Task to complete.
What you return must match the data below exactly, minus any pictures.

Data provided.
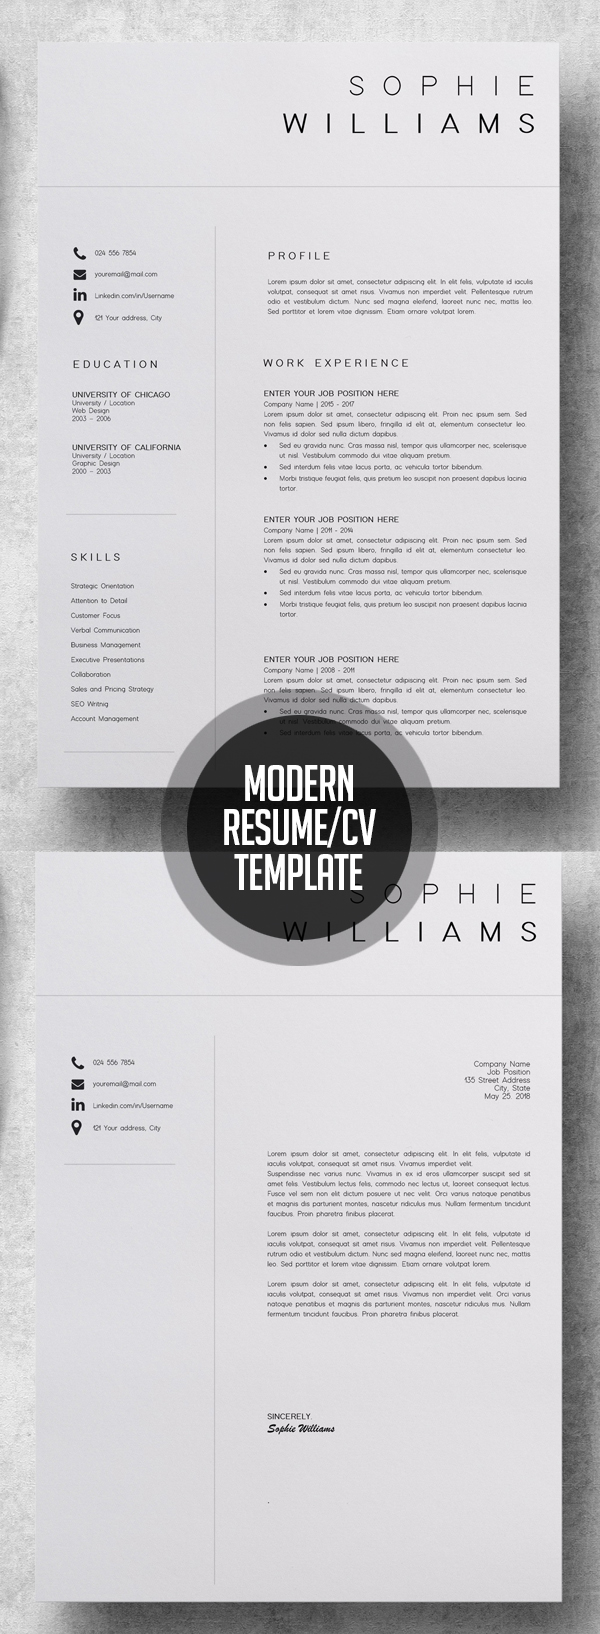 Modern Resume Template and CV Template #resumedesign
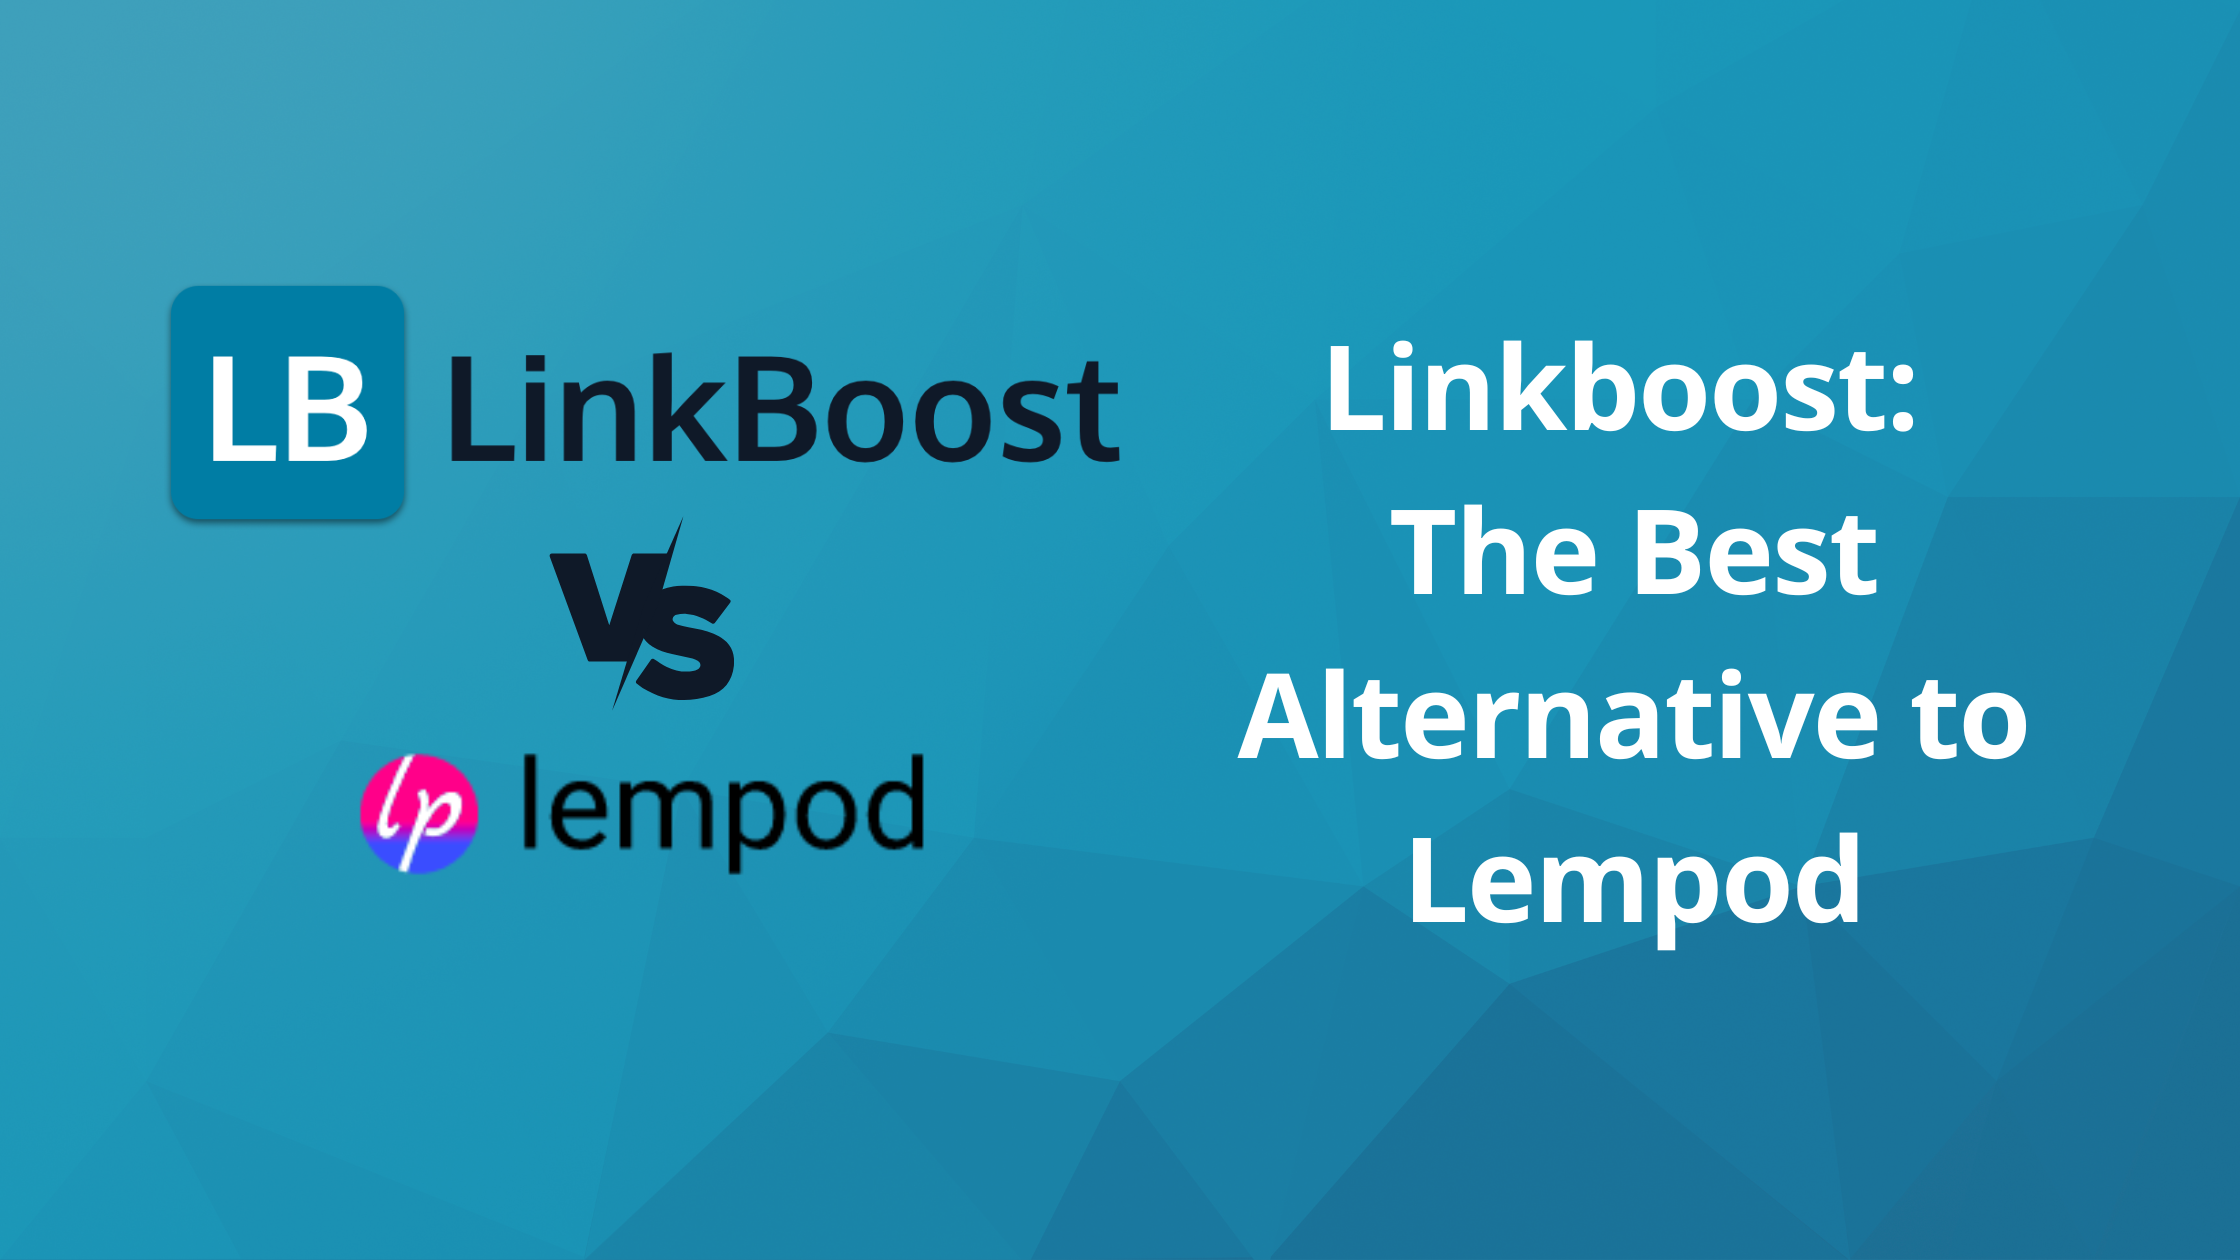 Linkboost: The Best Alternative to Lempod
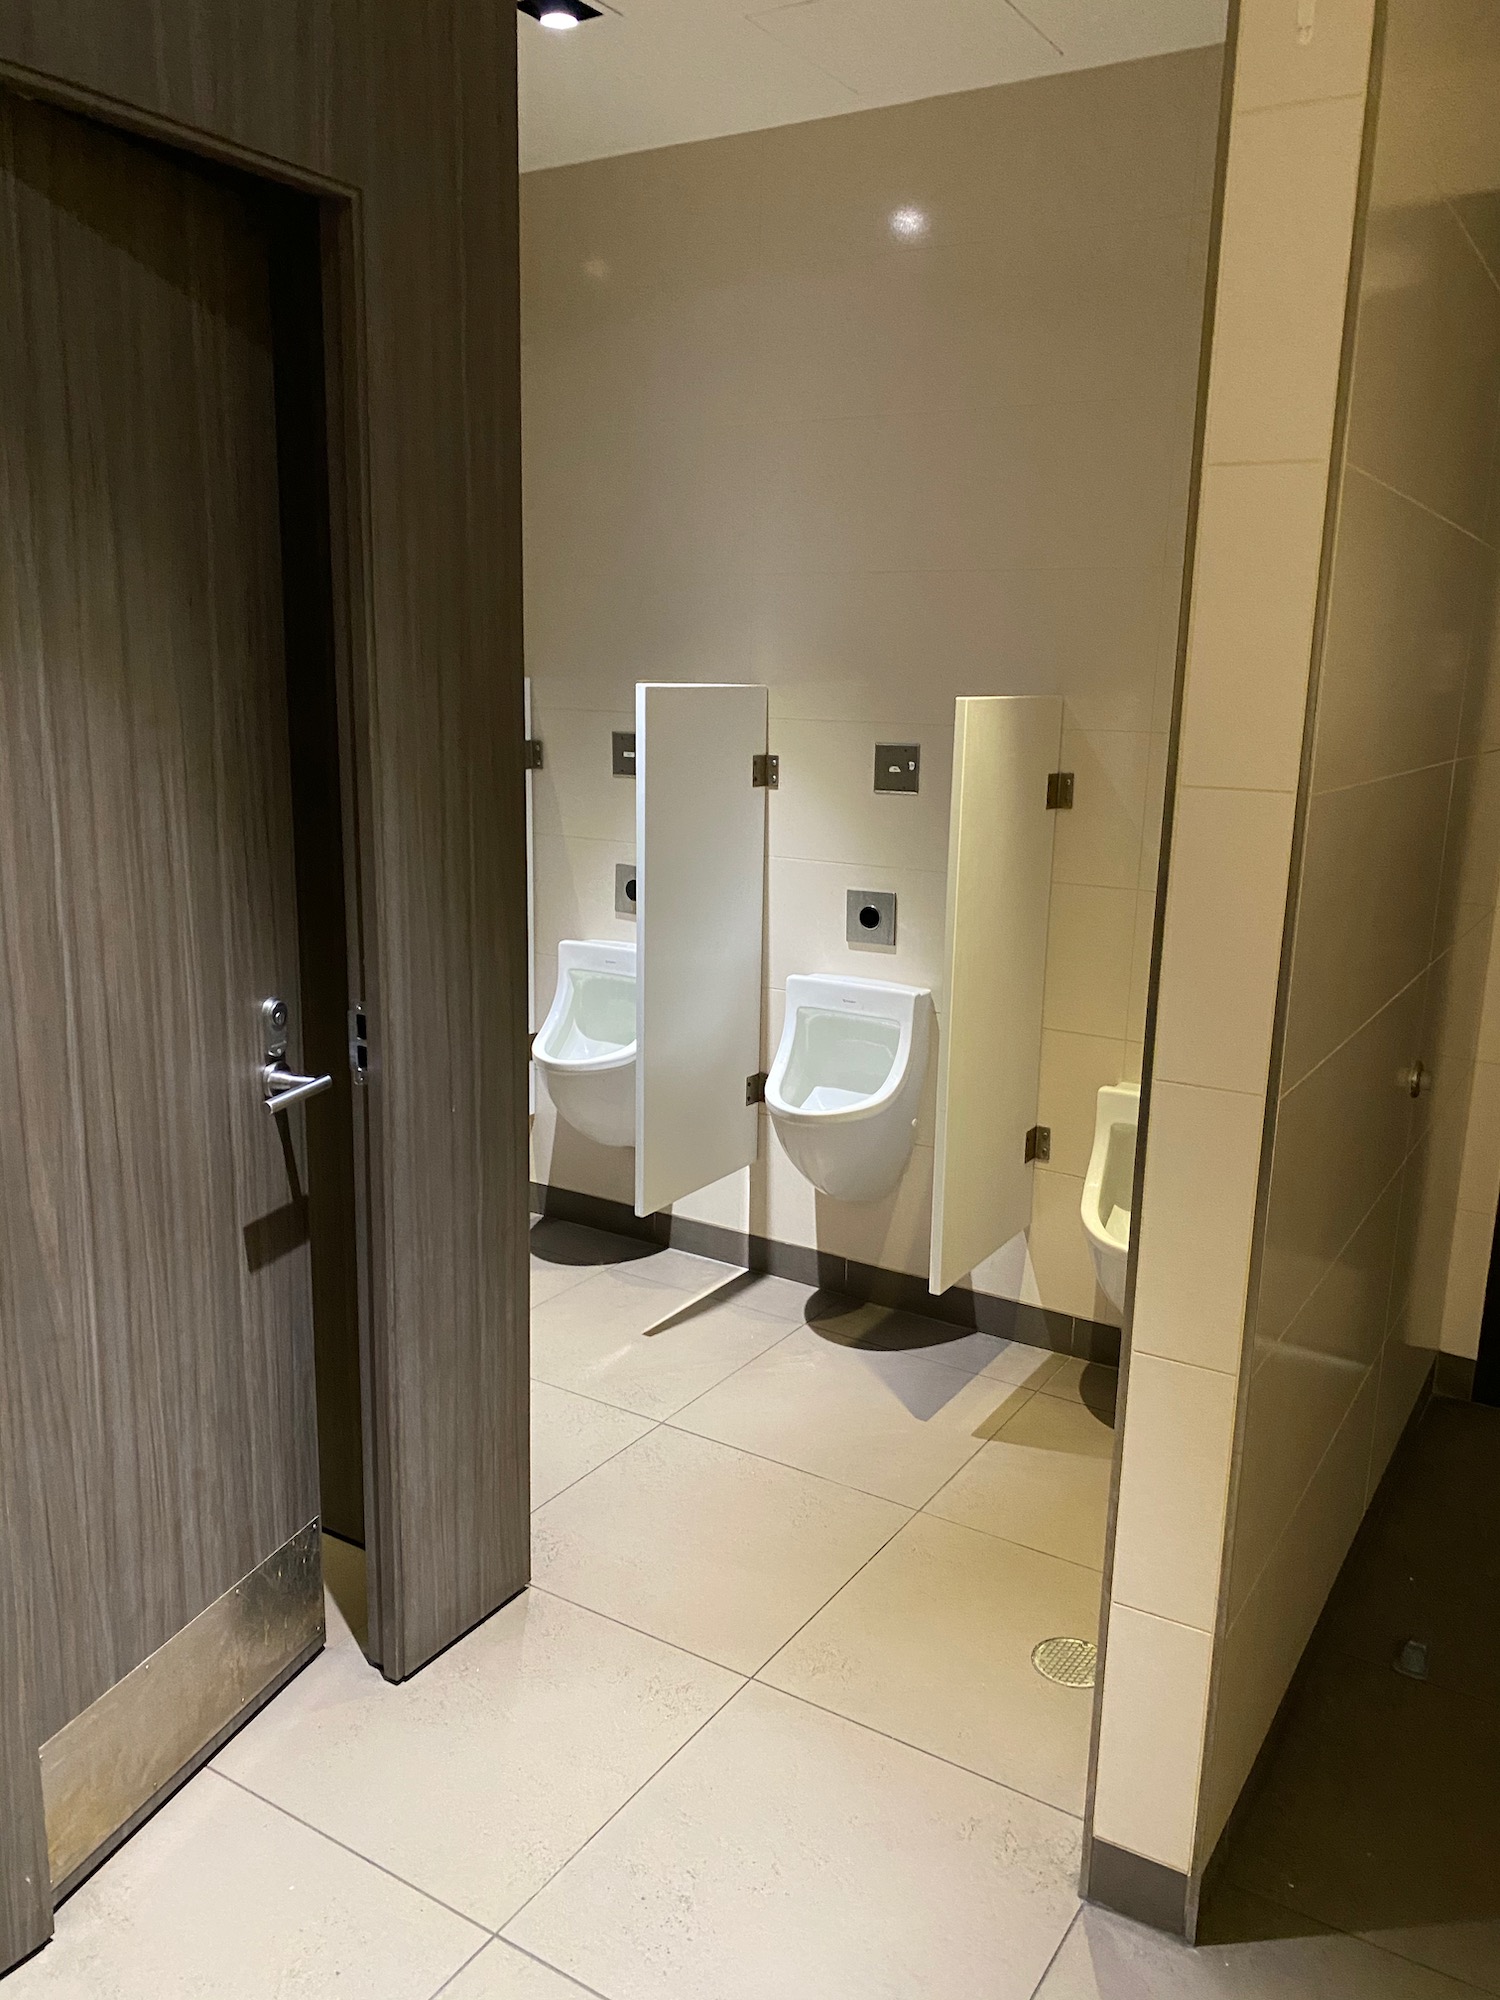 a bathroom with urinals and a door

Result of this exercise.
 Modern Resume Template and CV Template #resumedesign
 Linkboost: The Best Alternative to Lempod
 a bathroom with urinals and a door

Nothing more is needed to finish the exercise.